Parameter Required/Optional Description
-c or --compare Required Compares data. Both bench_zip_path and cmp_zip_path must be configured. bench_zip_path indicates the data collected in the benchmark environment, and cmp_zip_path indicates the data collected in the environment to be compared.
-o or --output Optional Specifies the output path of the comparison result. The default value is config_check_result. If comparison is performed repeatedly, the original comparison result in the output path will be overwritten.

Example

Copy the two .zip packages to the same environment and run the following command to compare them:

msprobe config_check -c bench_zip_path cmp_zip_path

Output Description

After the comparison command is executed, a comparison result file is generated.

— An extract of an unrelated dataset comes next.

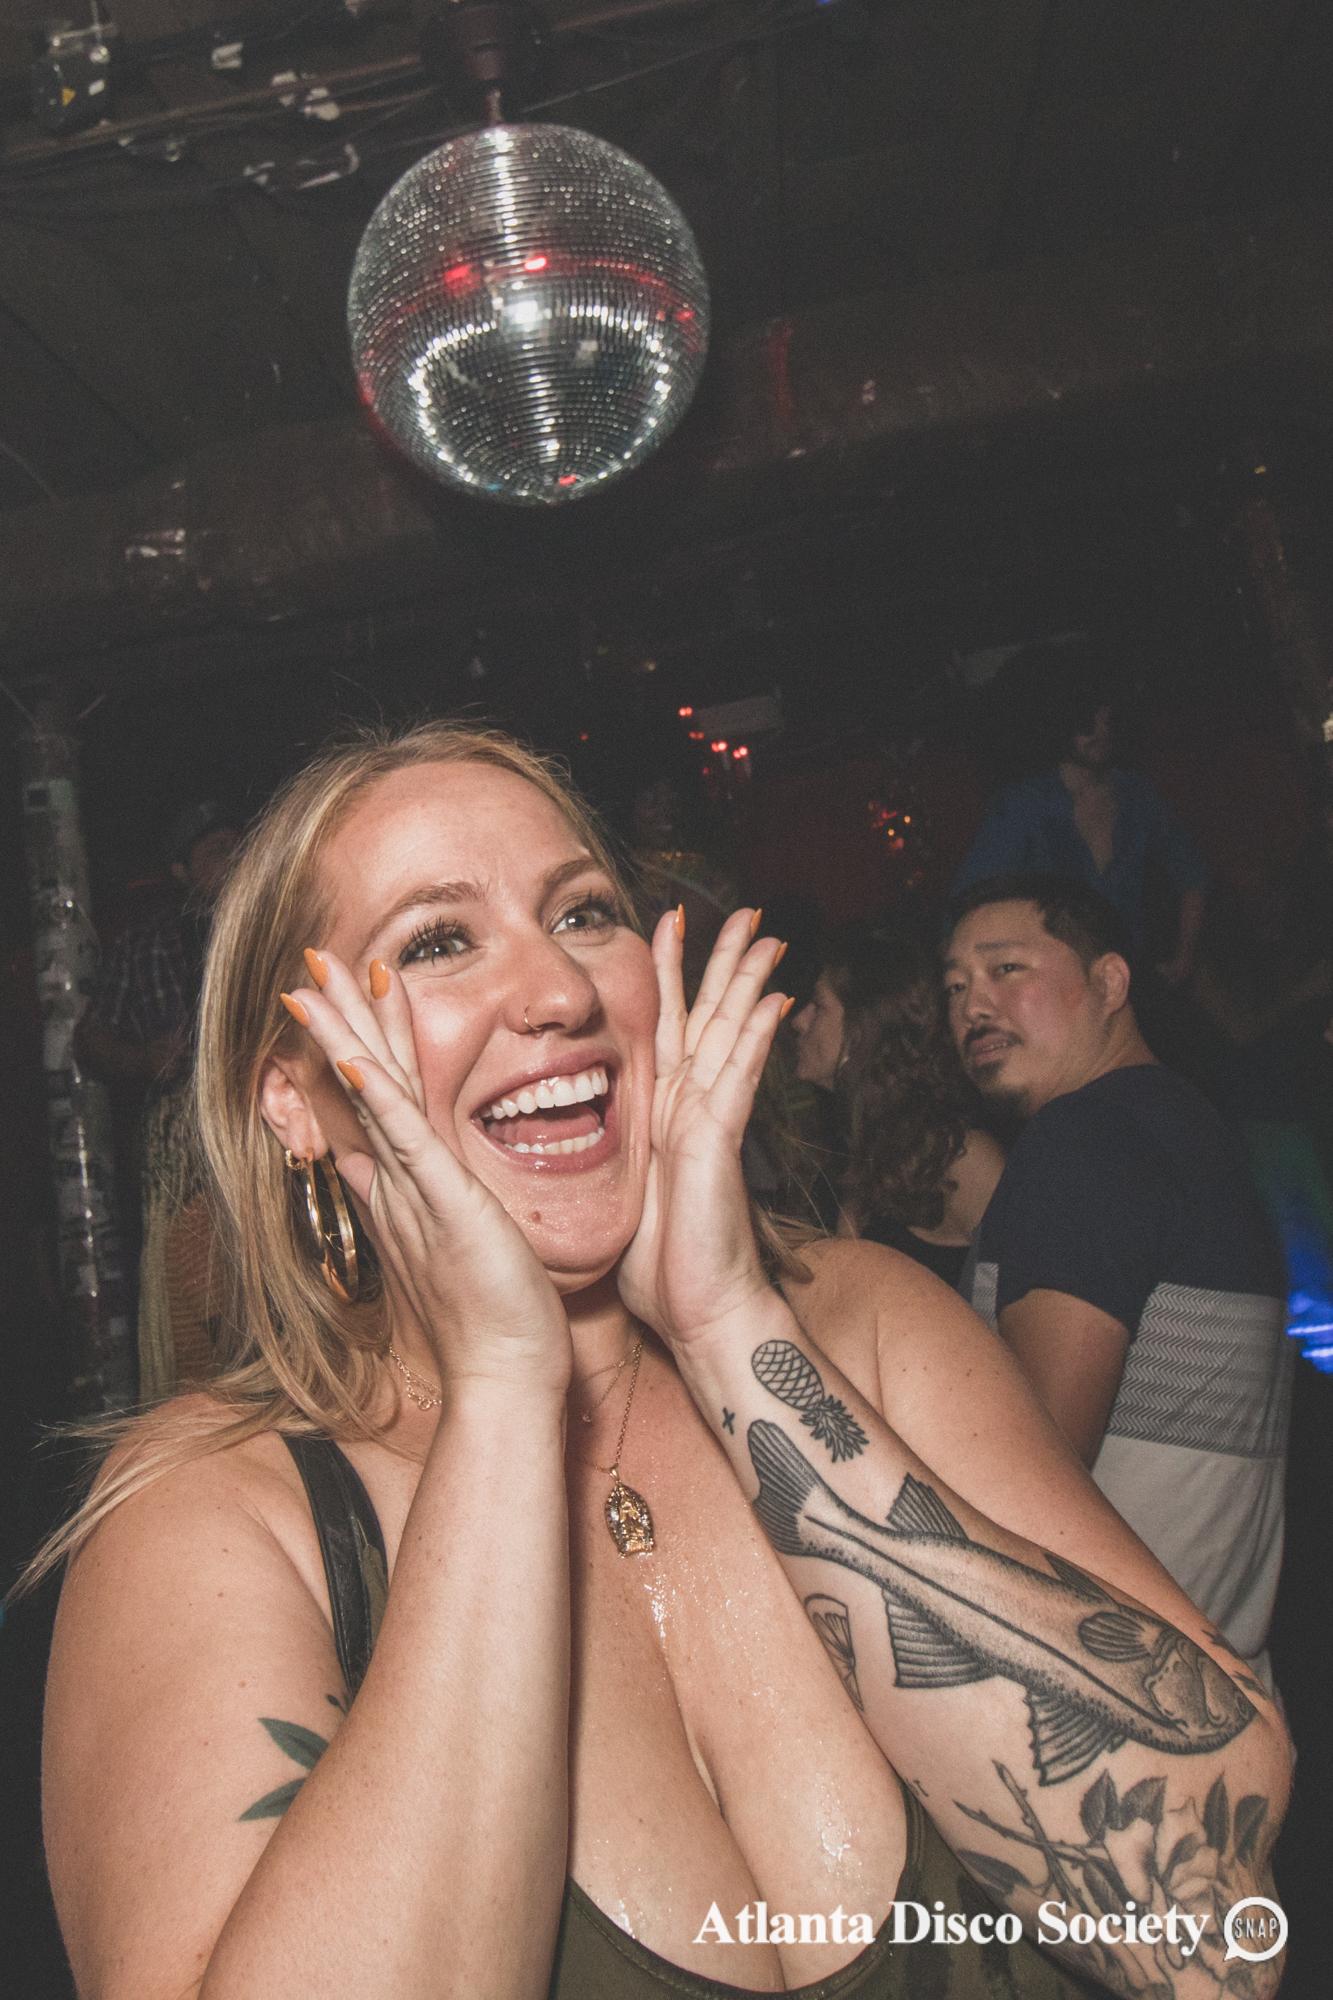 54Atlanta Disco Society Grace Kelly Oh Snap Kid 7.27.19.jpg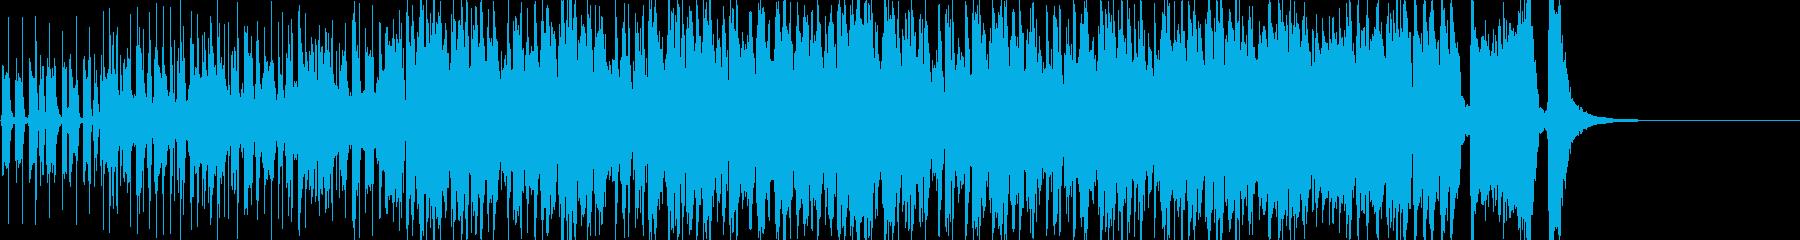 ノリノリなジャズ-短縮版-の再生済みの波形

For details, see [Output File Description](#Output File Description).

Output File Description

Two directories and one file are generated in the comparison result output path:

  • bench: data packaged in bench_zip_path.
  • cmp: data packaged in cmp_zip_path.
  • result.xlsx: comparison result. There are multiple sheets. The summary sheet shows the overall check result, and other sheets show the details of specific check items. The step means micro_step.
file_name pass_check
env pass
pip pass
dataset pass
weights pass
hyperparameters pass
random pass

The preceding six items correspond to the environment variable, third-party library version, dataset, weight, training hyperparameter, and random operation check, respectively.

pass_check indicates whether the check is passed. The value can be pass, error, or warning. warning indicates non-key third-party library version inconsistency which does not affect subsequent msProbe operations. You are advised to view the details for analysis.

The first five items must pass the check before precision comparison.